Carrying life-saving essentials does not mean having to weigh yourself down like a pack mule for a short hike.

"There are little base kits with some essential things like a sparker to start fires, tinder cubes, a solar flash, signal mirror, a whistle, and a waterproof emergency bag to cover yourself up. With just these two things that cover a lot of the essentials, I mean, you're talking less than a pound," said Gordon.

Credit: WBIR
Emergency bag for hikers sold at Nantahala Outdoor Center in Gatlinburg.

Gordon also recommends a small water filter that allows you to safely drink from any stream, creek, or puddle you come across in an emergency.

First aid kits, water filters, and emergency blankets may seem like overkill for a short hike.
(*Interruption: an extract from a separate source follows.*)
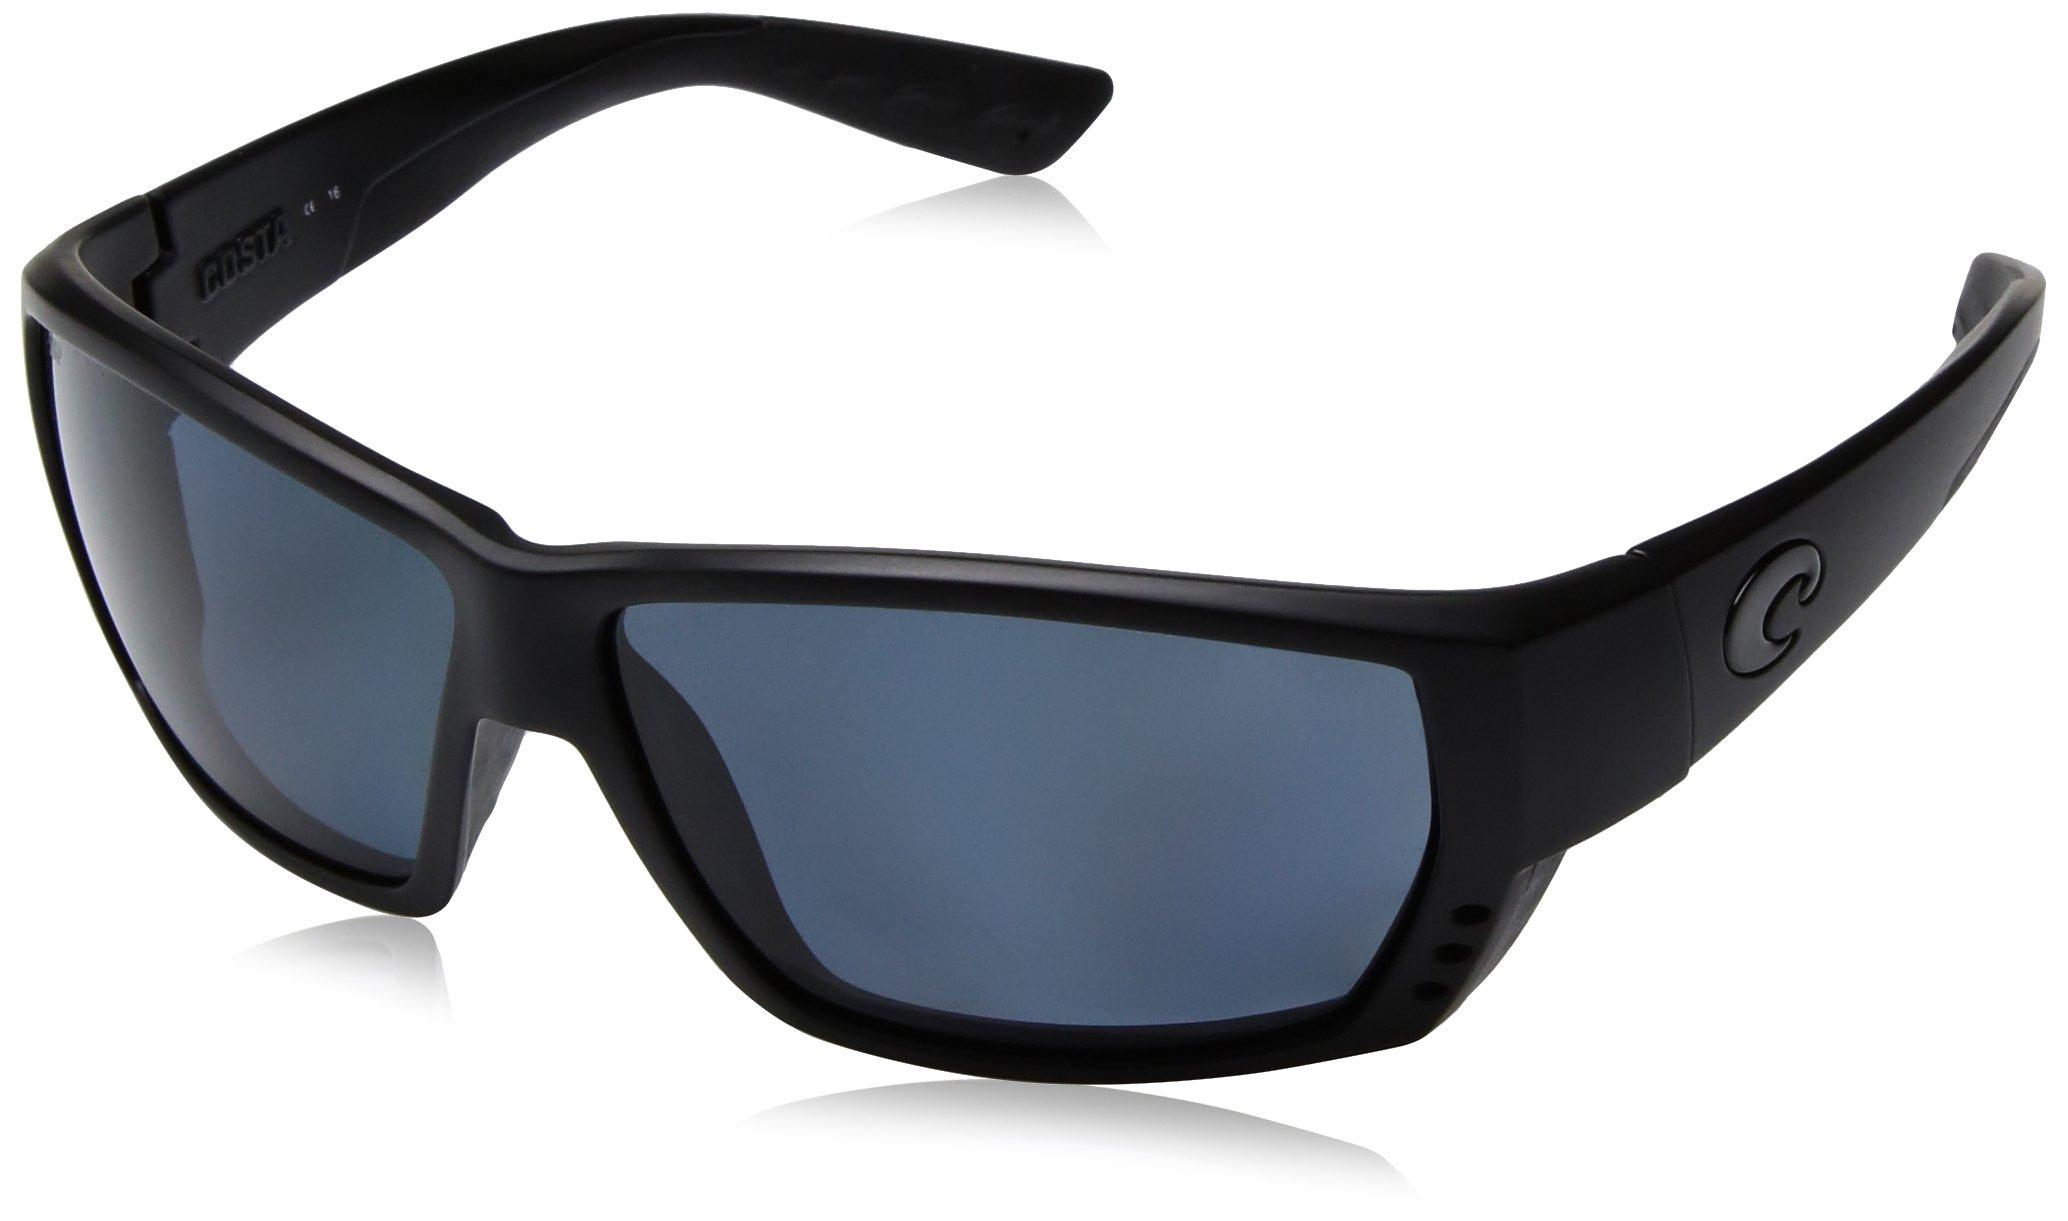 Costa Del Mar Tuna Alley Sunglasses, Blackout, Gray 580P Lens

Yet, short trips are often the journeys that kill in the national park because hikers do not bring supplies.

In September 2018, an Ohio woman was on a relatively short hike near Clingmans Dome with nothing but her car keys. Susan Clements took a wrong turn on a trail, was unable to find her way back to her car before night fell, and died overnight of hypothermia.  Fatal hypothermia can occur with temperatures in the 50s or 60s if conditions are wet and windy.

RELATED: Apr. 2, 2019 - Autopsy: Hypothermia killed Ohio woman in Smokies

Awareness of weather conditions and a few lightweight items can help you prepare for the worst, while hopefully making your hike in the Smokies the best.

"Because you never know what can happen. You can get caught in a storm, have an injury, or any number of things where a short trip may suddenly mean you have to spend the night outside," said Gordon.